Perhaps my perspective is fundamentally flawed. Almost all Classicists took Latin in school somewhere, but that in no way implies that all people who took Latin in school wanted to become Classicists. I try to remember that there is a disparity in experience between my role in the classroom, where I am doing what seems to me the most important thing in the world, and the students’ role, which is simply to make it through one of seven courses for the day in the pursuit of grades and credit certifying them for the next stage in their lives.
I have begun to get away from thinking that every student in my class needs to learn Latin. Some of them simply do not put in the time to make anything meaninful out of any of the texts. I could of course simply give them a failing grade, but this would compound the problem of having wasted my own time by wasting their time too. Recently, for those students whose averages are regularly well below 70, I have assigned essays on Roman history/culture, Classical myth, and even Classical reception. One student is inordinately fascinated with dictatorships, so he is now writing an essay on the use of Roman history and symbols under Mussolini’s fascist rule. Another student is reading Plautus in translation and writing a comparative appraisal of Roman comic tropes with those of contemporary Hollywood comedies. I wish that they were doing actual Latin, but at this point (second semester of the second year), it seems clear that they can/will not. Perhaps a better teacher could make it happen through sheer force of will, and perhaps this compromise is more reflective of my limitations than theirs.
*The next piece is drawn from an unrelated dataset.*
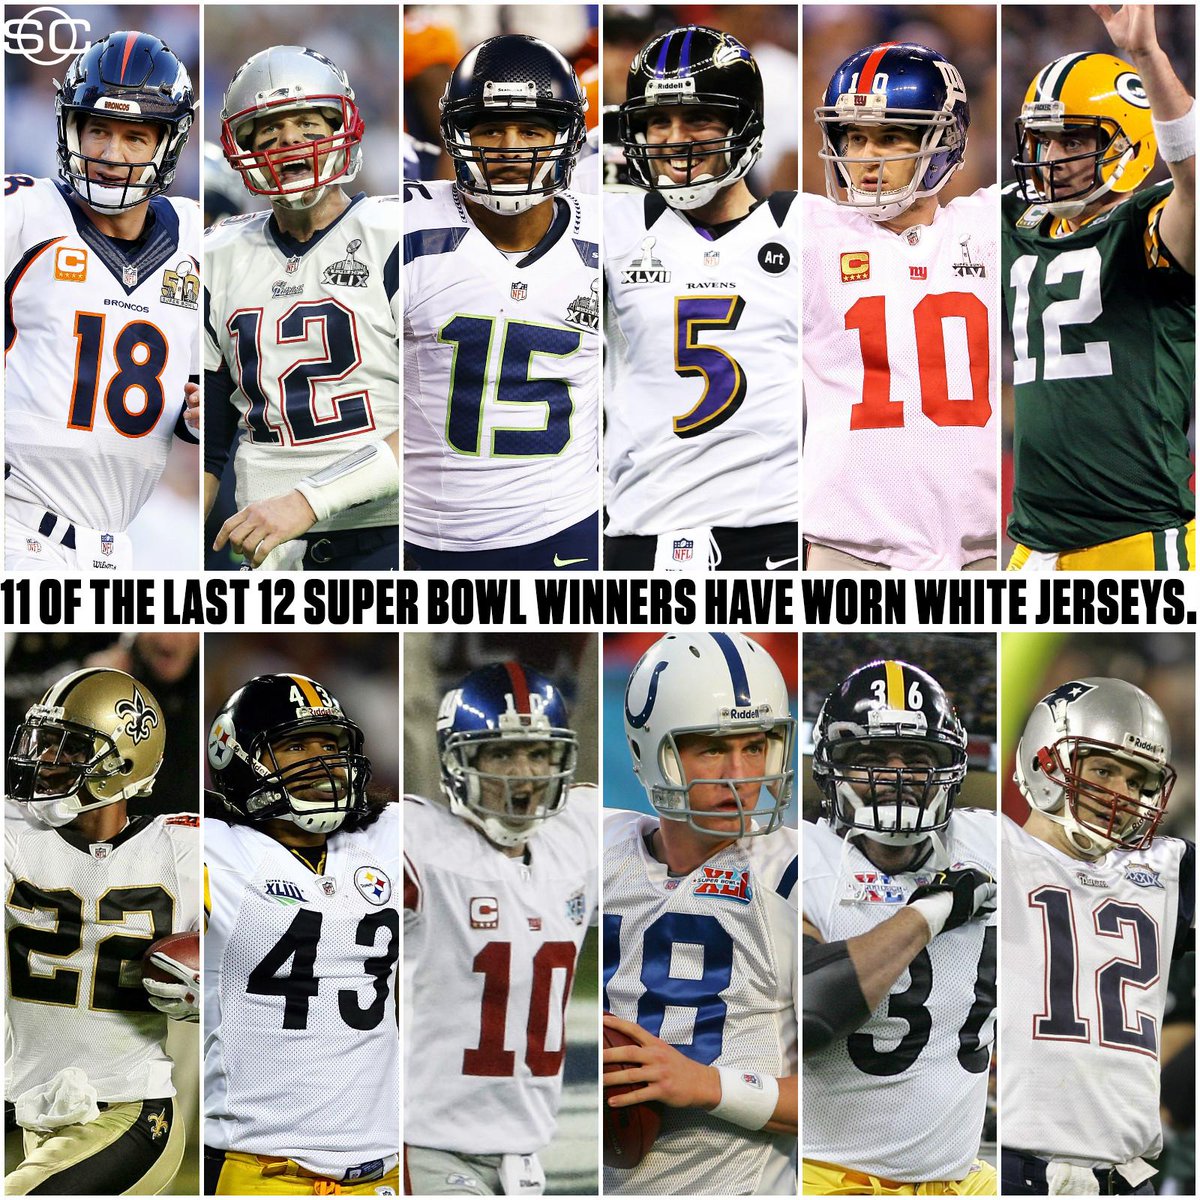 wear white jerseys in Super Bowl LI

It may be that one of these students will be interviewed on Itinera twenty years from now, and they will concede that though they didn’t care much for Latin itself in highschool, they gave it a second shot in college and became experts on Martianus Capella or something similarly recondite. Perhaps they will at least, in later life, look back upon the time in my classroom as well spent and pick up a translation of Tacitus to better understand our own time. My impact on the field and on the world may always be entirely negligible, but I am at least happy that for a few hundred hours of these students’ lives, I get to share with them what I love.